··· Recorded data
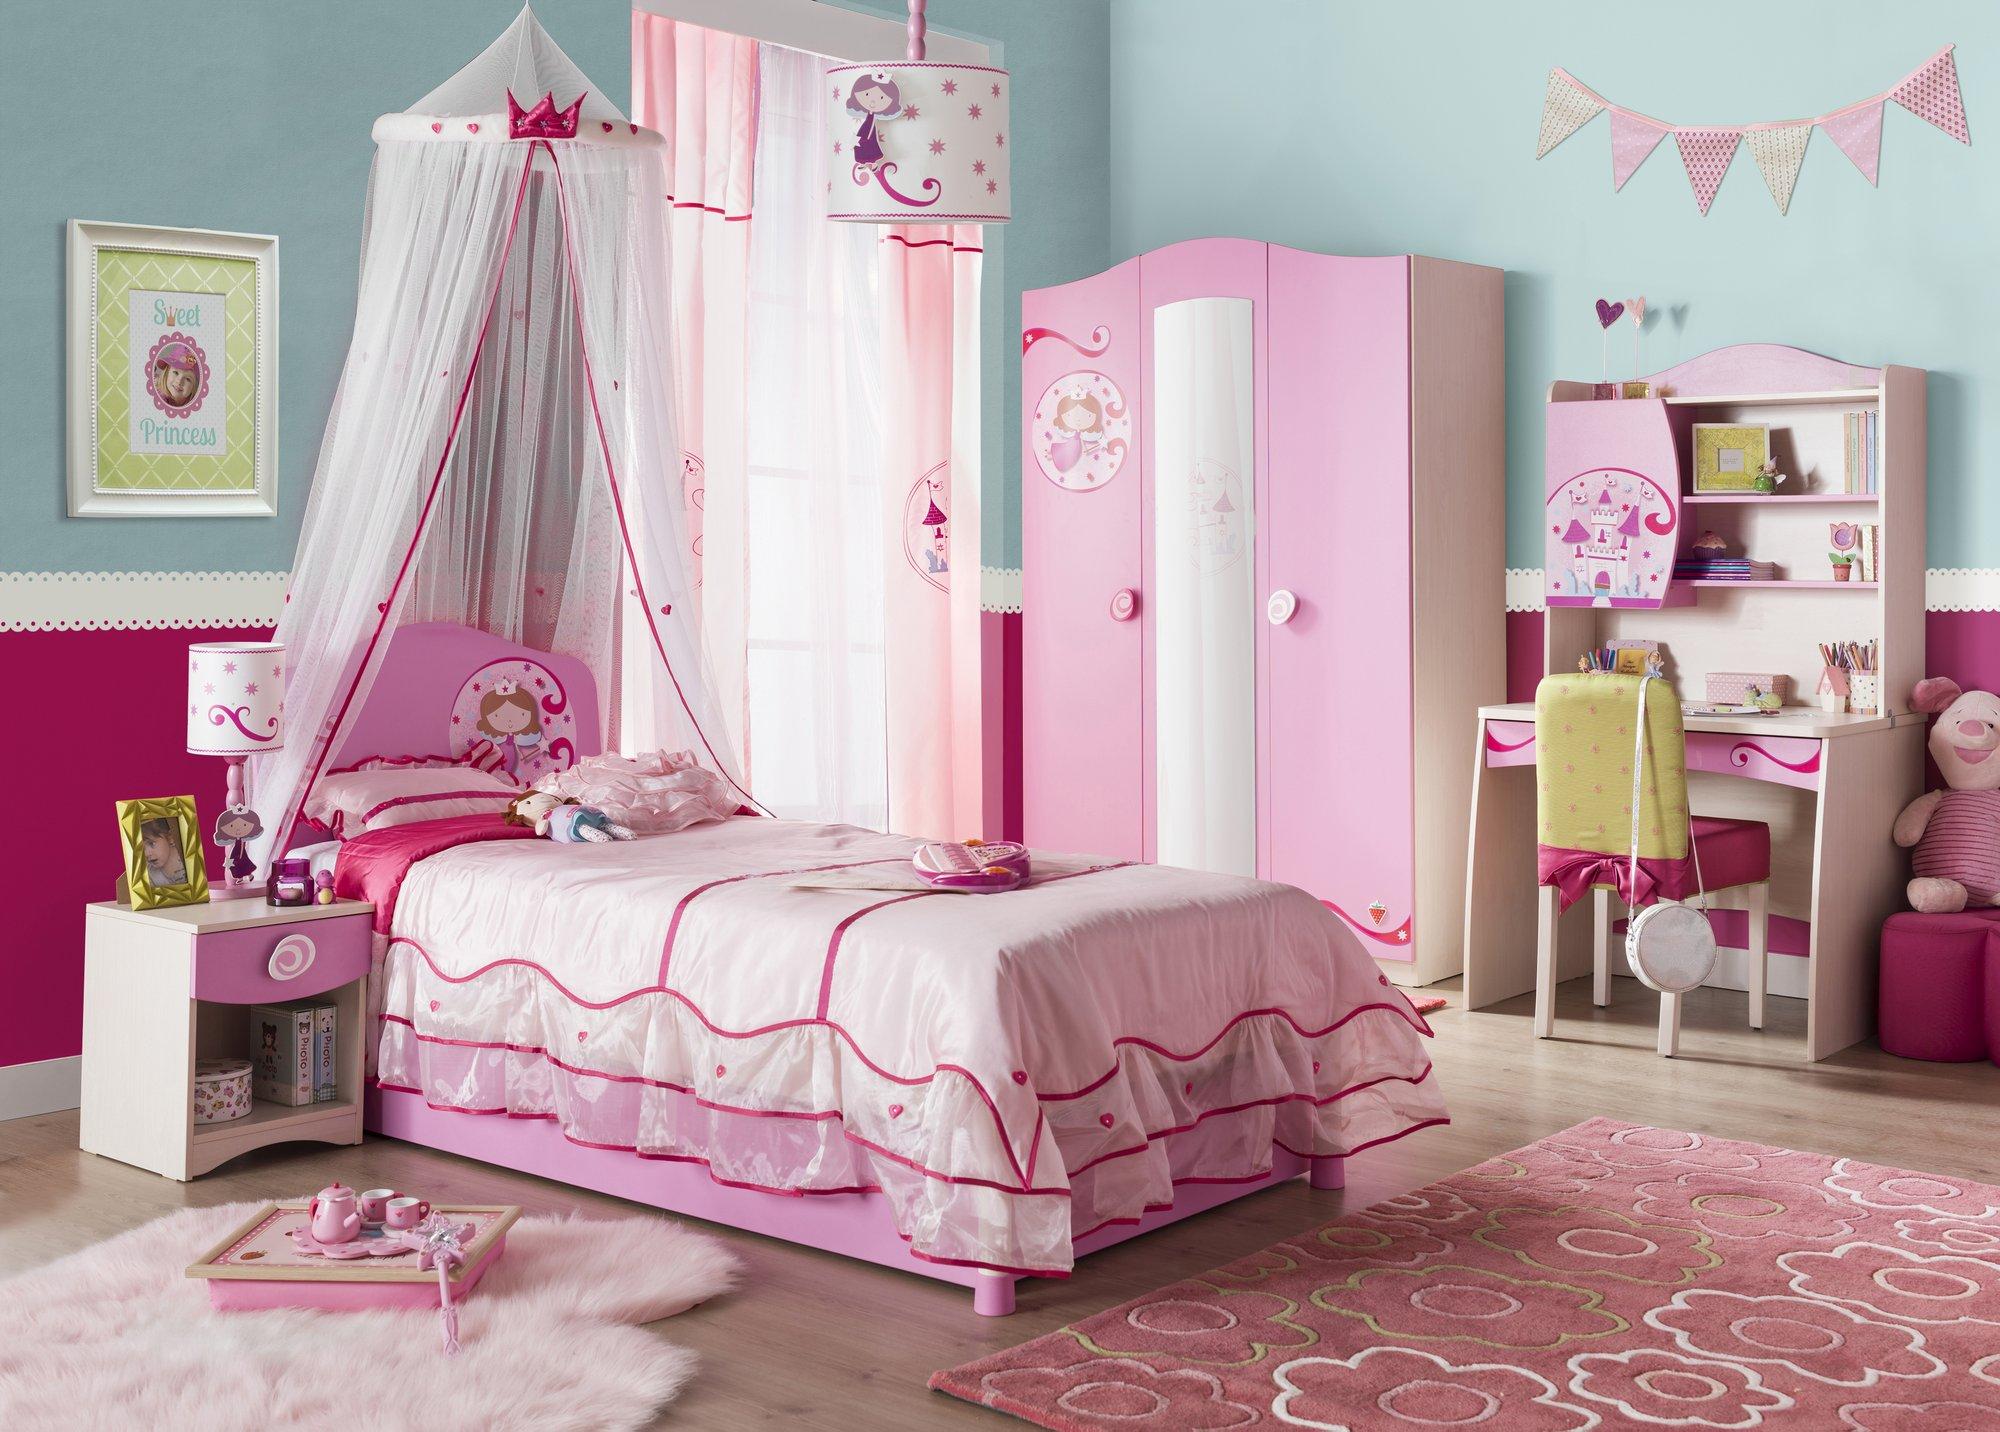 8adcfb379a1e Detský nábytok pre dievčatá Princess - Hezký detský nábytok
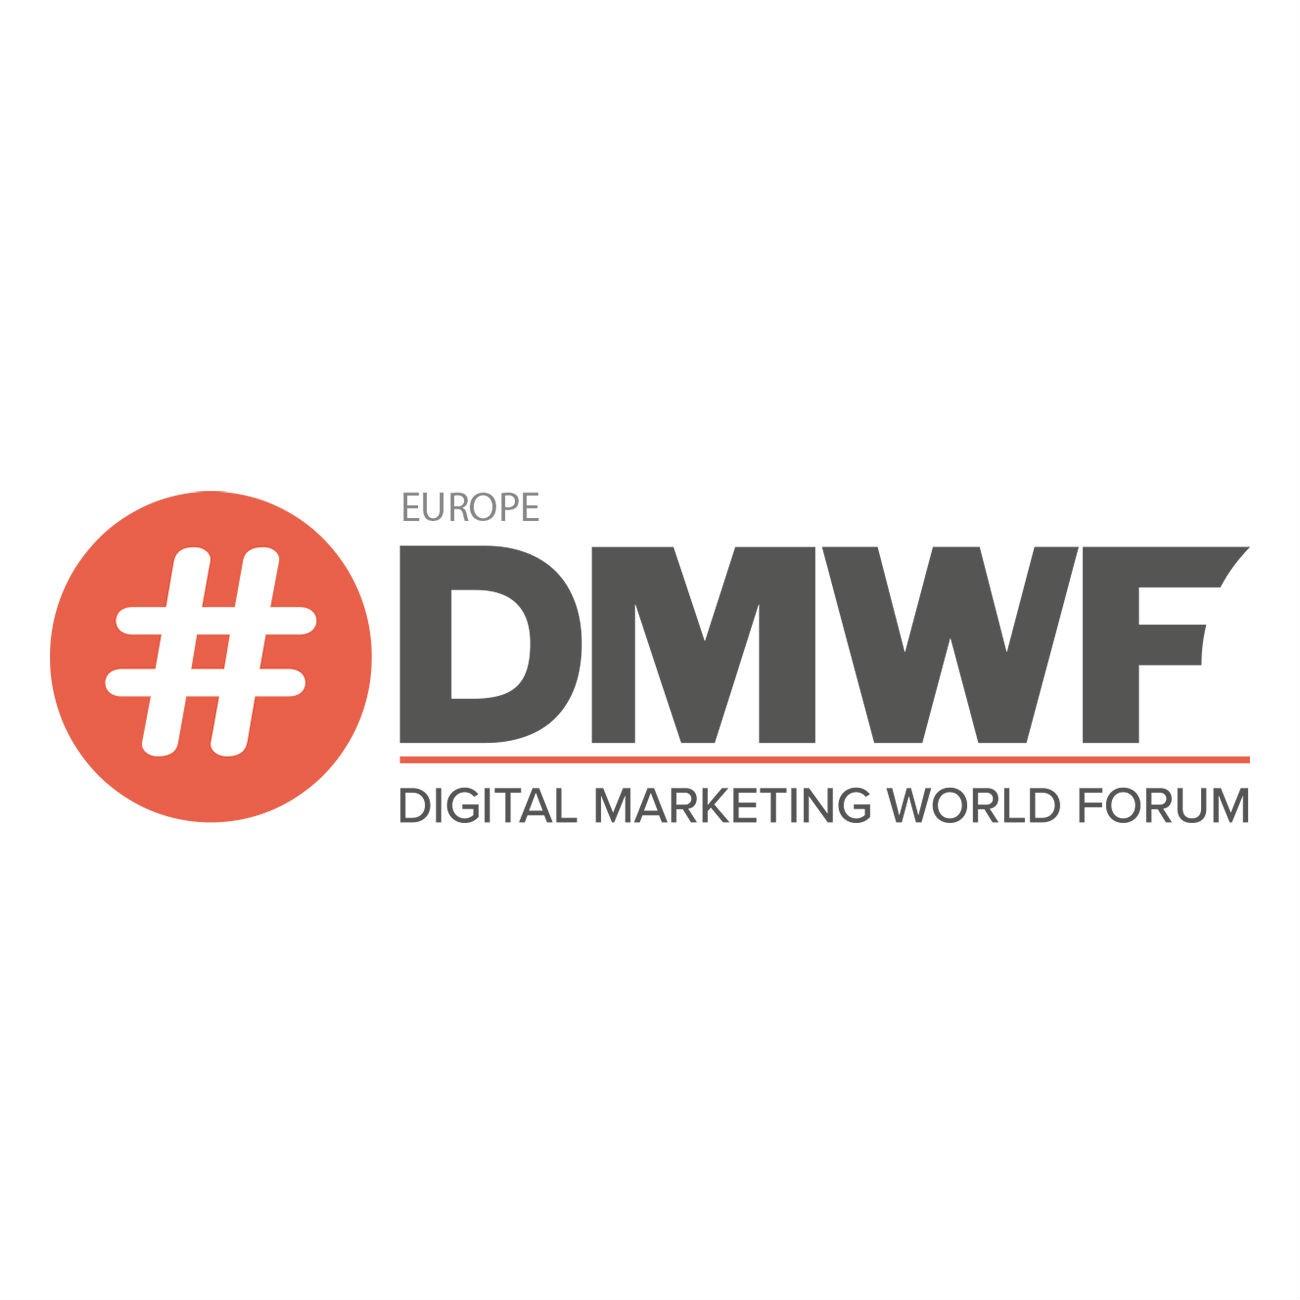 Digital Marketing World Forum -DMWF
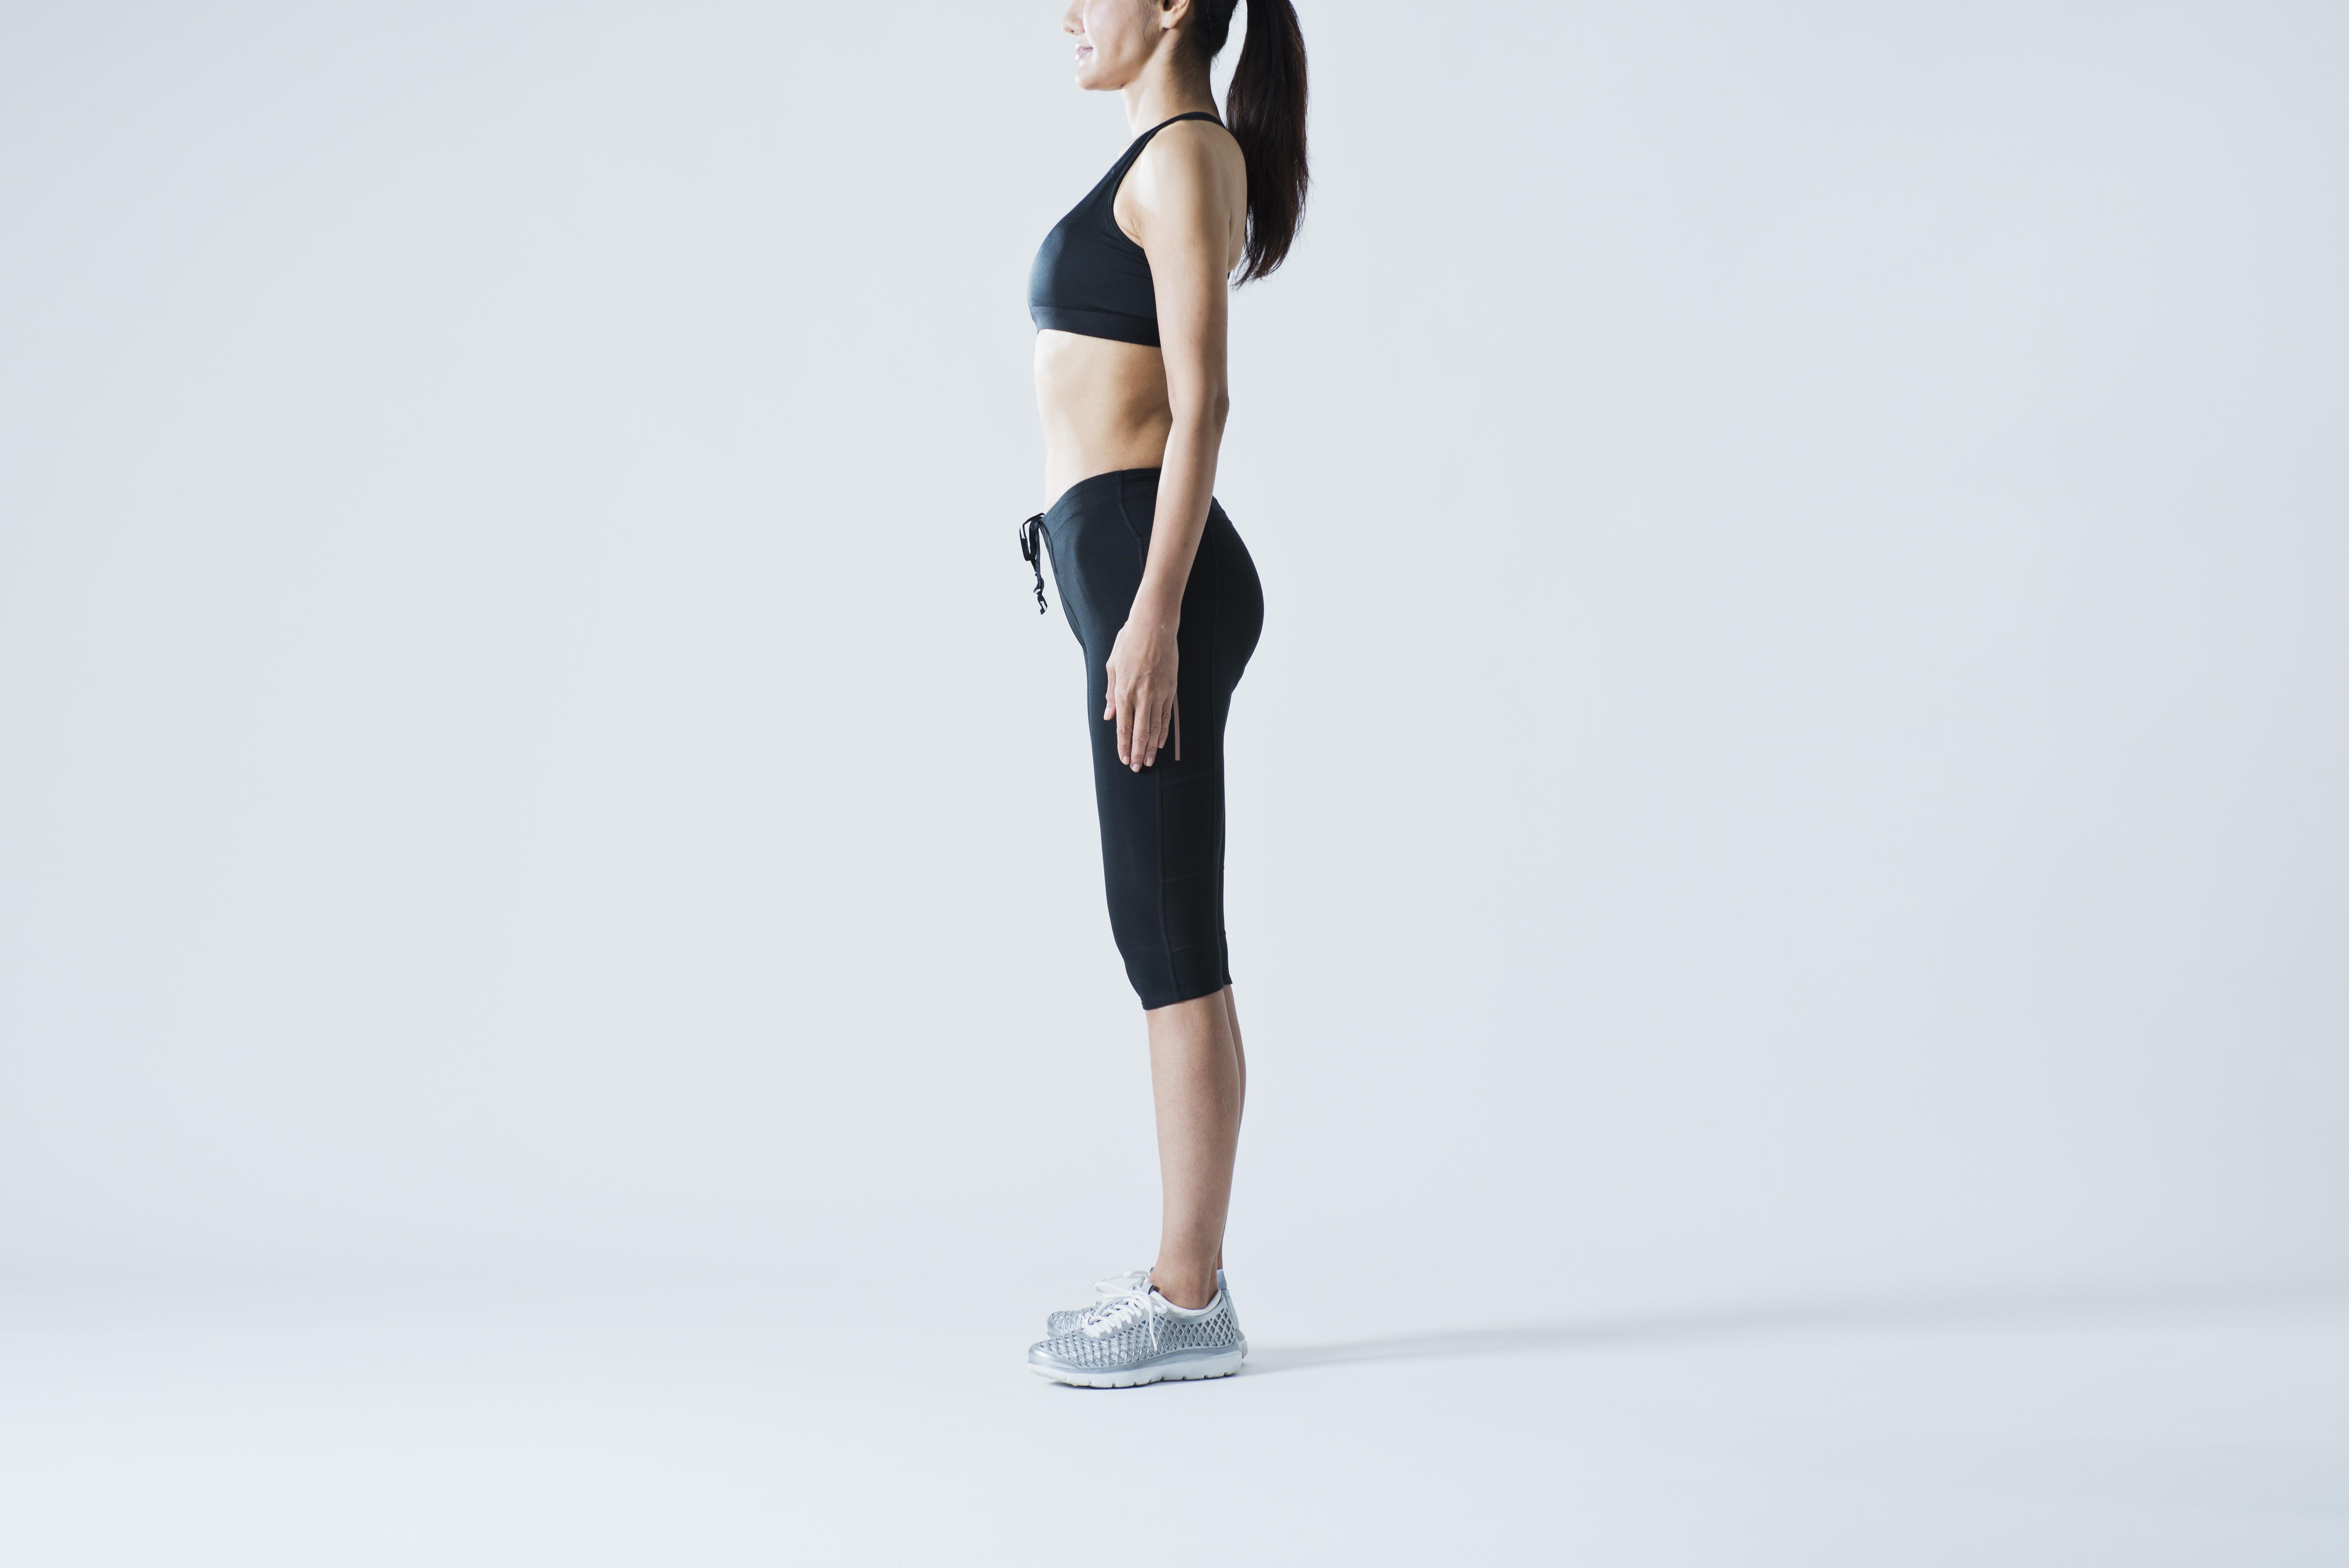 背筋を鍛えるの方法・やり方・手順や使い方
······
Retype the line containing "Digital Marketing World Forum -DMWF" and all lines after it through the end of the material, exactly and only those, leaving out pictures.

**Answer for the task:**
 Digital Marketing World Forum -DMWF
 背筋を鍛えるの方法・やり方・手順や使い方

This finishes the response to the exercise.